Ce qui m’amène à un autre constat : de même qu’il y a deux types bien différents
d’éditeurs, de même on peut envisager deux types de publications pour des sociétés littéraires
telles que la SOM :
- D’un côté, une publication qui se veut exclusivement universitaire et qui, s’adressant
à un public très restreint, peut se permettre de ne pas être accessible au plus grand nombre et,
à l’occasion, de recourir à un langage quelque peu hermétique pour le commun des mortels.
Cela n’a jamais été notre objectif, cela va sans dire.
- De l’autre, une publication qui, tout en développant une approche universitaire
diverse et reposant sur des bases solides, tente également de toucher un public moins élitiste
et lui propose des volumes attrayants et accessibles, en un langage qui ne soit pas aseptisé.
Les "COM" appartiennent clairement à cette catégorie et ont permis de toucher de la sorte un
plus grand nombre de lecteurs, et ce d’autant plus que les articles ont été régulièrement mis en
ligne, et accessibles gratuitement, deux ans après leur parution. La publication de documents,
inédits ou oubliés, présentés simplement, les témoignages divers de mirbeauphiles très
différents par leurs approches (écrivains, artistes, comédiens, metteurs en scène, traducteurs,
adaptateurs, etc.), les nouvelles des activités de notre société et des associations sœurs,
l'importante partie bibliographique, des notules mirbelliennes apportant des informations
nouvelles sur l’écrivain et son époque, et là-dessus beaucoup d’illustrations, cela donne des
volumes qui sont exigeants et d’un excellent niveau académique, que personne ne conteste, et
en même temps (comme dirait notre potentat) attrayants et relativement accessibles. De tels
"Cahiers" permettent de compléter le travail éditorial qui a mis à la portée de tous, et
gratuitement, la totalité de l’œuvre de Mirbeau.
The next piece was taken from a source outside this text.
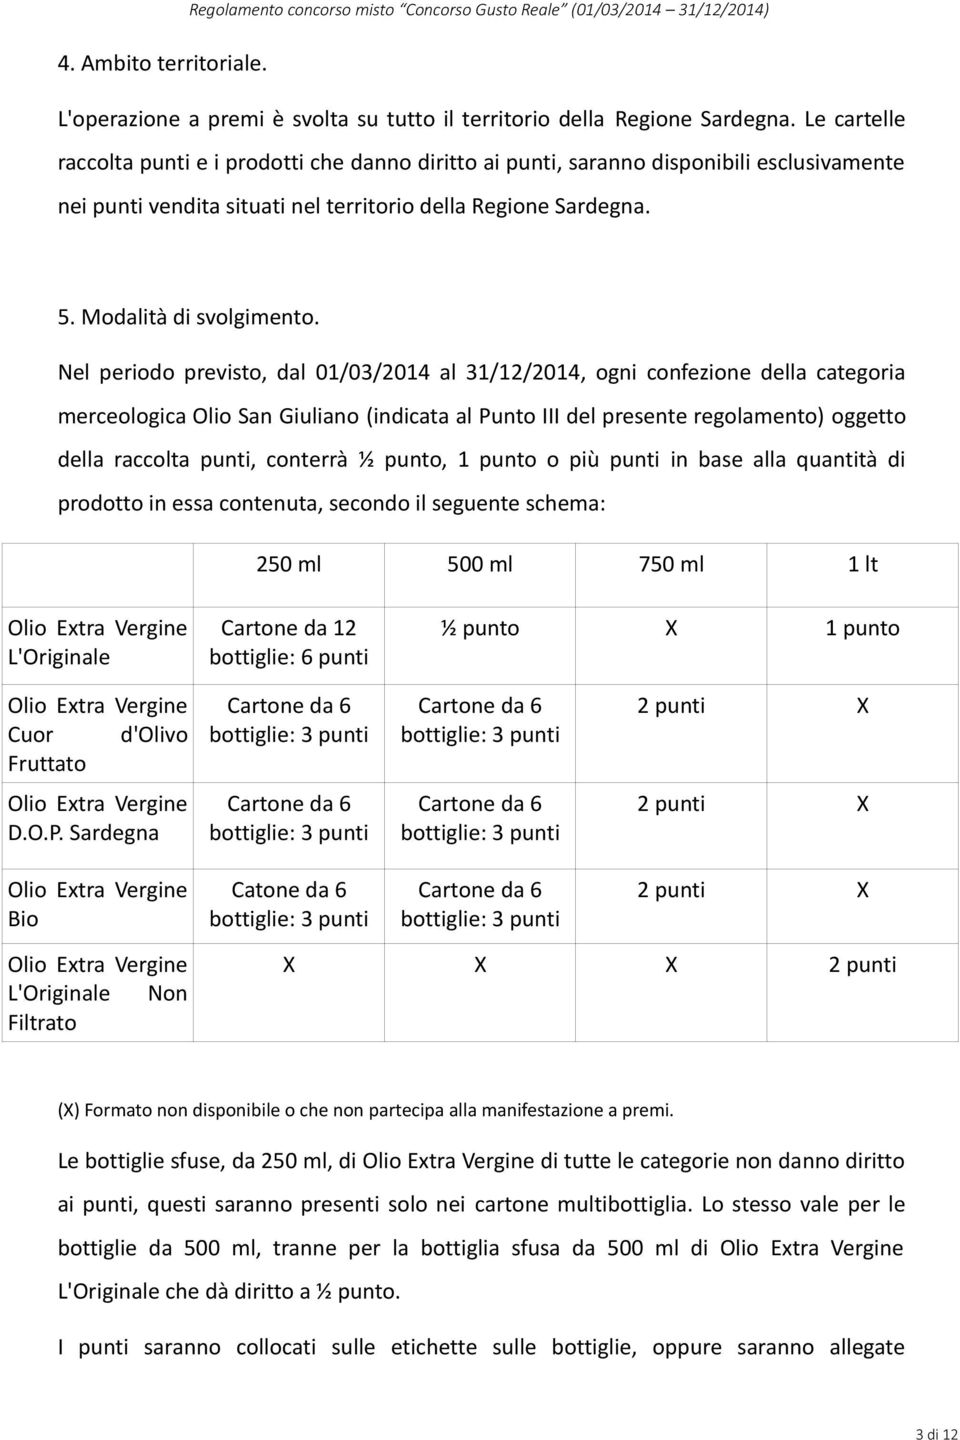 Nel periodo previsto, dal 01/03/2014 al 31/12/2014, ogni confezione della categoria merceologica Olio San Giuliano (indicata al Punto III del presente regolamento) oggetto della raccolta punti,

Tel est en effet l’objectif de toute association d’amis d’écrivains : permettre au plus
grand nombre de découvrir et de lire l’écrivain en question. À cet égard, les Classiques
Garnier ne servent strictement à rien. Avec les mirbeauphiles honnêtes et sincères, et avec la
collaboration du Petit Pavé, il va être heureusement possible de poursuivre l’aventure des
"Cahiers Mirbeau" « tels qu’en eux-mêmes enfin… »
Pierre MICHEL
Fondateur et président honoraire de la Société Octave Mirbeau (1993-2018).